Question

Simplify ${{x}^{6}}-{{y}^{6}}$.

Answer 1

Hint: In the above question, we have been given an expression to simplify, which is written as ${{x}^{6}}-{{y}^{6}}$. For this, we can write the given expression as ${{\left( {{x}^{2}} \right)}^{3}}-{{\left( {{y}^{2}} \right)}^{3}}$ which is the difference of two cubes. For simplifying it, we have to use the algebraic identity given by ${{a}^{3}}-{{b}^{3}}=\left( a-b \right)\left( {{a}^{2}}+ab+{{b}^{2}} \right)$ and put $a={{x}^{2}}$ and $b={{y}^{2}}$ into the identity so that the given expression will get simplified as $\left( {{x}^{2}}-{{y}^{2}} \right)\left( {{x}^{4}}+{{x}^{2}}{{y}^{2}}+{{y}^{4}} \right)$. Then, we can further simplify the obtained expression by applying the algebraic identity given by ${{a}^{2}}-{{b}^{2}}=\left( a+b \right)\left( a-b \right)$ so that the given expression will be simplified completely.

Complete step by step answer:
Let us write the expression given in the above question as
$\Rightarrow E={{x}^{6}}-{{y}^{6}}$
Using the properties of the exponents, we can write the above expression as
$\Rightarrow E={{\left( {{x}^{2}} \right)}^{3}}-{{\left( {{y}^{2}} \right)}^{3}}$
Now, we know the algebraic identity given by ${{a}^{3}}-{{b}^{3}}=\left( a-b \right)\left( {{a}^{2}}+ab+{{b}^{2}} \right)$. On putting $a={{x}^{2}}$ and $b={{y}^{2}}$ into this identity, we can write the above expression as
$\begin{align}
  & \Rightarrow E=\left( {{x}^{2}}-{{y}^{2}} \right)\left( {{\left( {{x}^{2}} \right)}^{2}}+{{x}^{2}}{{y}^{2}}+{{\left( {{y}^{2}} \right)}^{2}} \right) \\
 & \Rightarrow E=\left( {{x}^{2}}-{{y}^{2}} \right)\left( {{x}^{4}}+{{x}^{2}}{{y}^{2}}+{{y}^{4}} \right) \\
\end{align}$
Now, we also know the algebraic identity given by ${{a}^{2}}-{{b}^{2}}=\left( a+b \right)\left( a-b \right)$. On putting $a=x$, and $b=y$ in this identity, we will get ${{x}^{2}}-{{y}^{2}}=\left( x+y \right)\left( x-y \right)$ so that we can write the above expression as
\[\Rightarrow E=\left( x+y \right)\left( x-y \right)\left( {{x}^{4}}+{{x}^{2}}{{y}^{2}}+{{y}^{4}} \right)\]

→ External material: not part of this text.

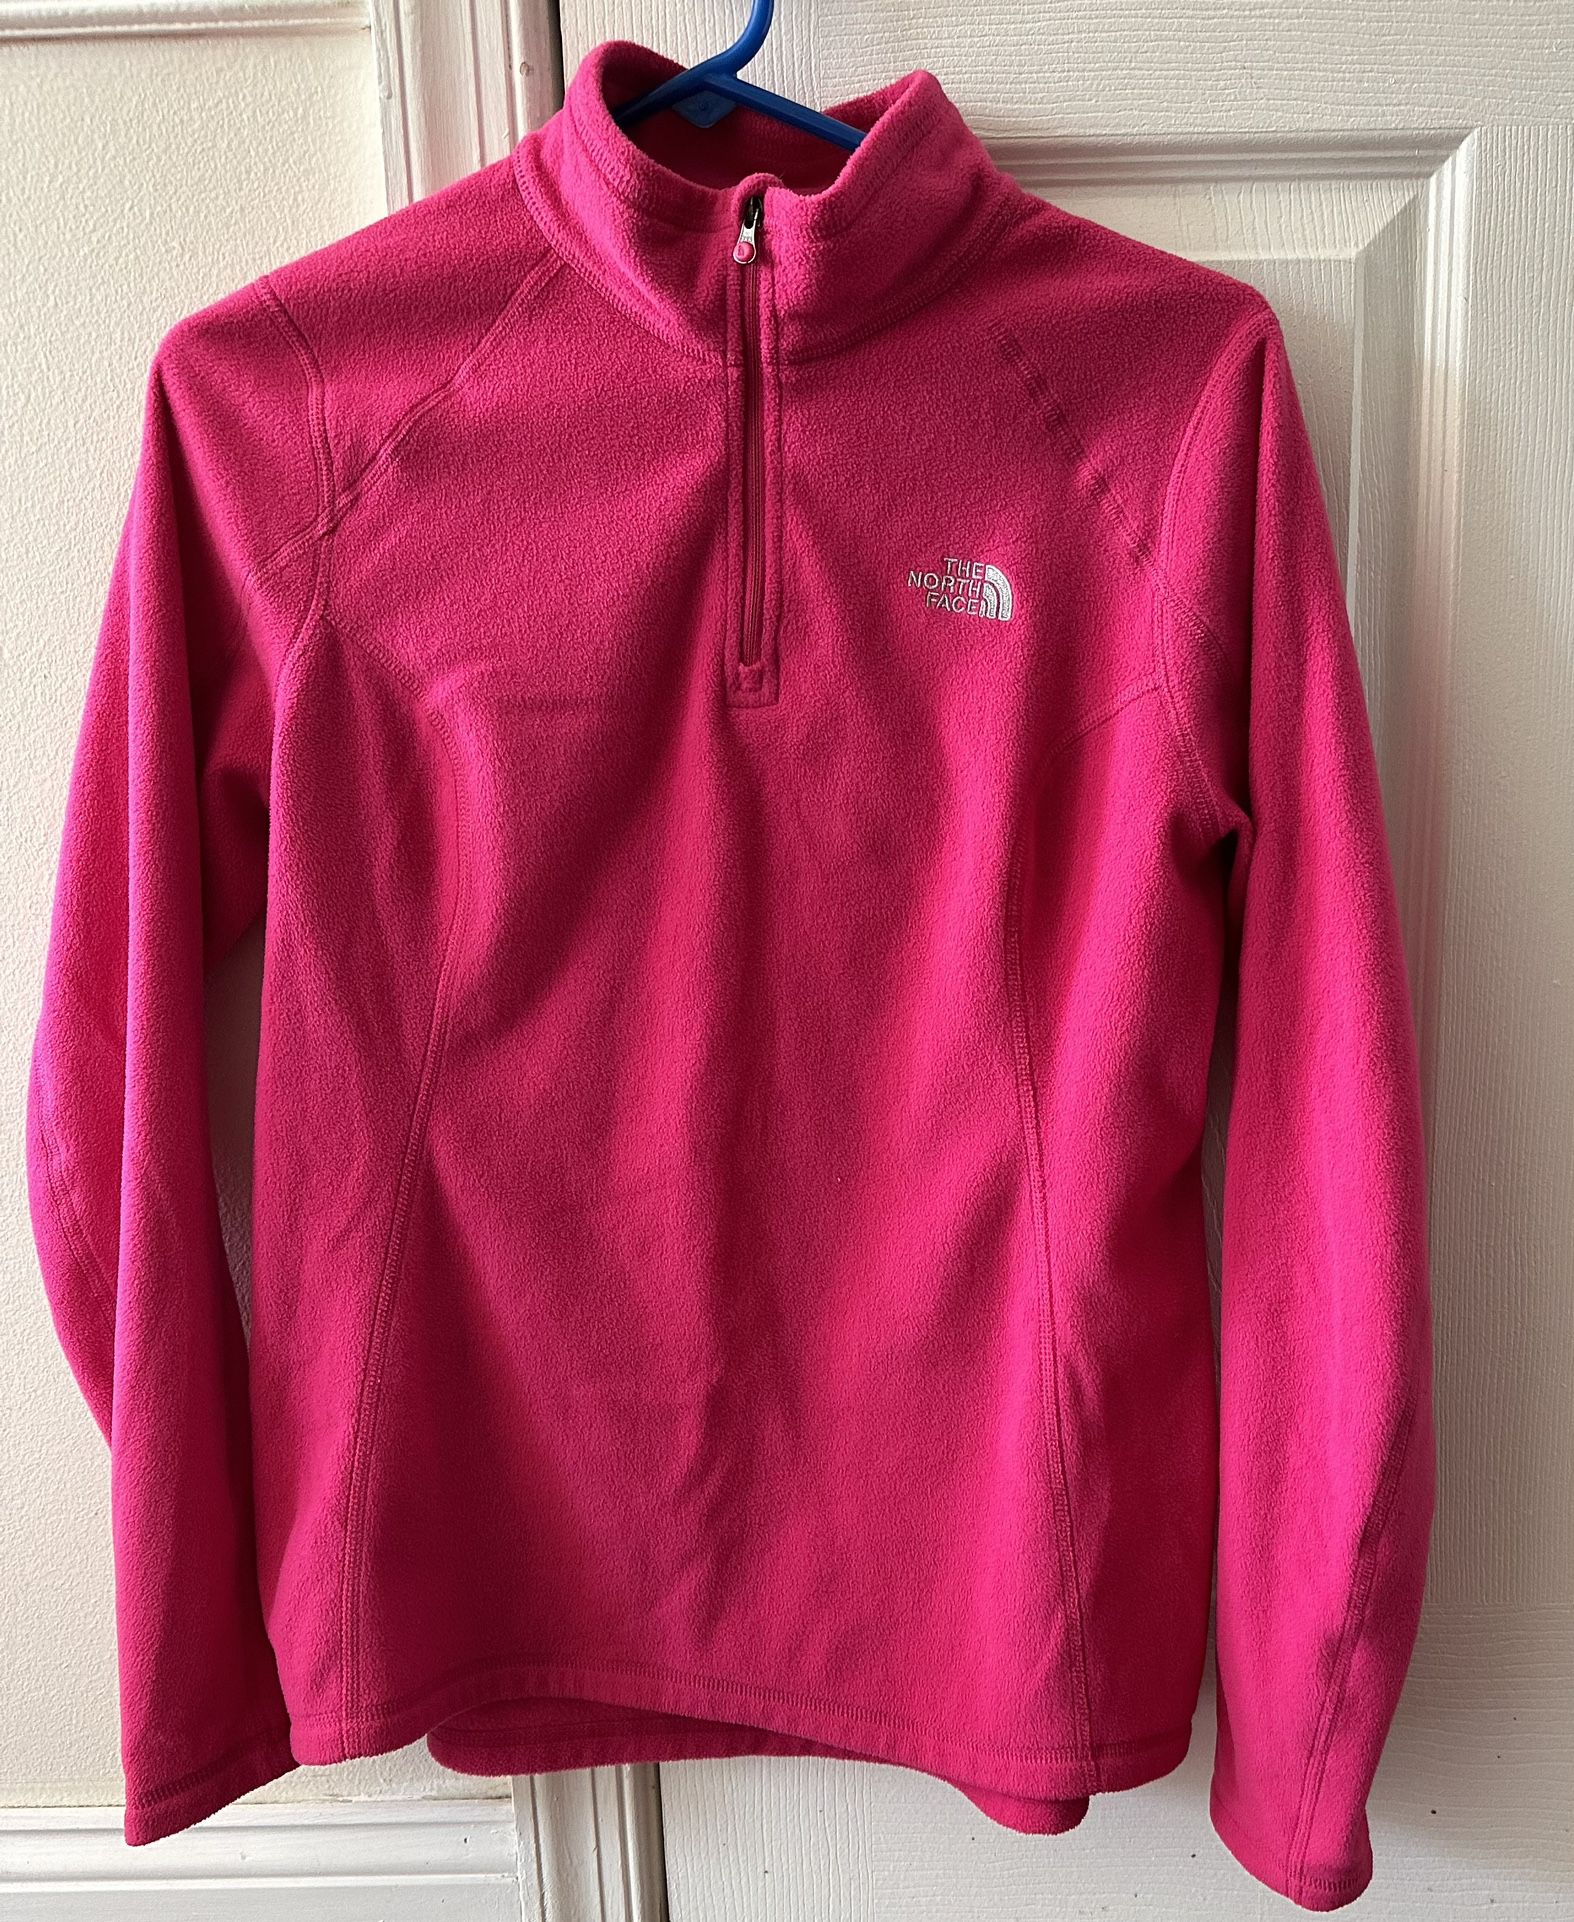 Women The North Face fleece Size Medium in good condition (cash & pick up only)
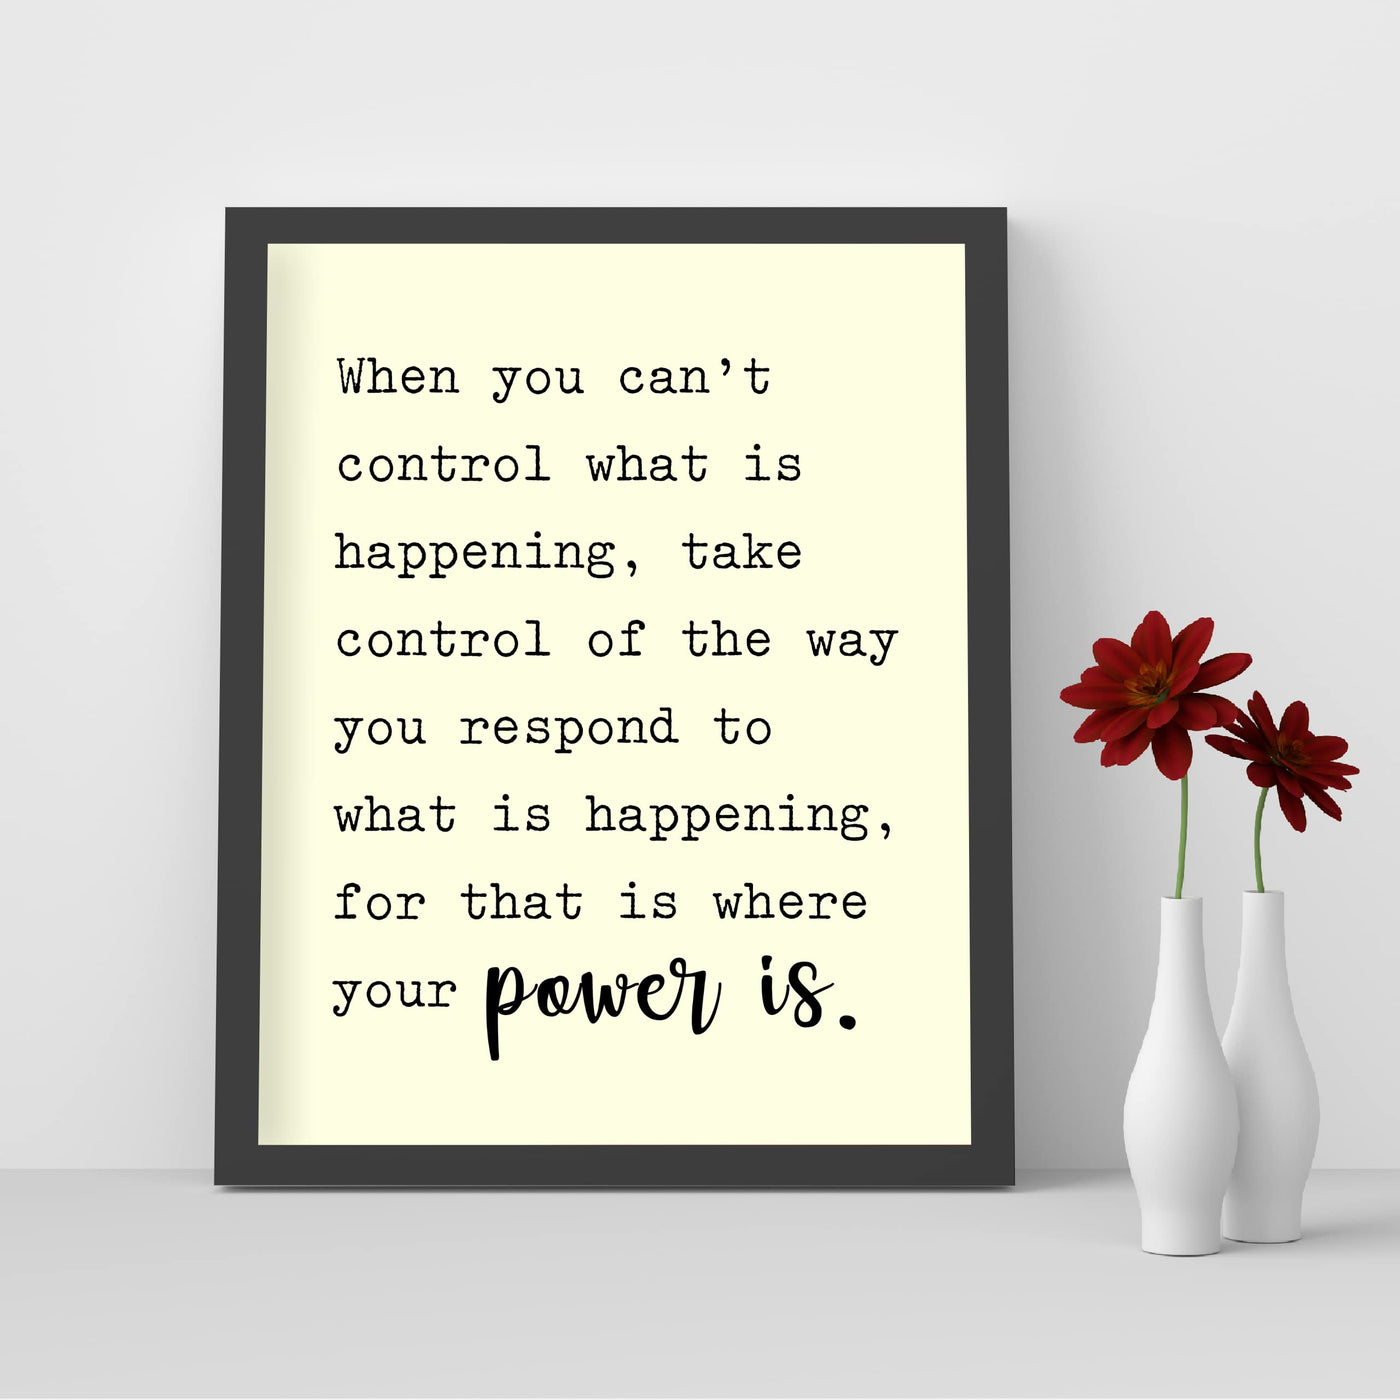 Control the Way You Respond-Where Your Power Is Motivational Quotes Wall Art -8 x 10" Modern Inspirational Wall Print -Ready to Frame. Home-Studio-Office-Zen-Meditation Decor. Great Classroom Sign!

Hence, we have finally simplified the expression given to us in the question as \[\left( x+y \right)\left( x-y \right)\left( {{x}^{4}}+{{x}^{2}}{{y}^{2}}+{{y}^{4}} \right)\].

Note: We must remember all the algebraic identities in order to solve these types of questions. For simplifying the given expression, we can also write it as ${{\left( {{x}^{3}} \right)}^{2}}-{{\left( {{y}^{3}} \right)}^{2}}$. In this case, we have to use the algebraic identity given by ${{a}^{2}}-{{b}^{2}}=\left( a+b \right)\left( a-b \right)$ to simplify it as $\left( {{x}^{3}}+{{y}^{3}} \right)\left( {{x}^{3}}-{{y}^{3}} \right)$. Then we need to use the algebraic identities ${{a}^{3}}-{{b}^{3}}=\left( a-b \right)\left( {{a}^{2}}+ab+{{b}^{2}} \right)$ and ${{a}^{3}}+{{b}^{3}}=\left( a+b \right)\left( {{a}^{2}}-ab+{{b}^{2}} \right)$ to finally obtain the simplified expression.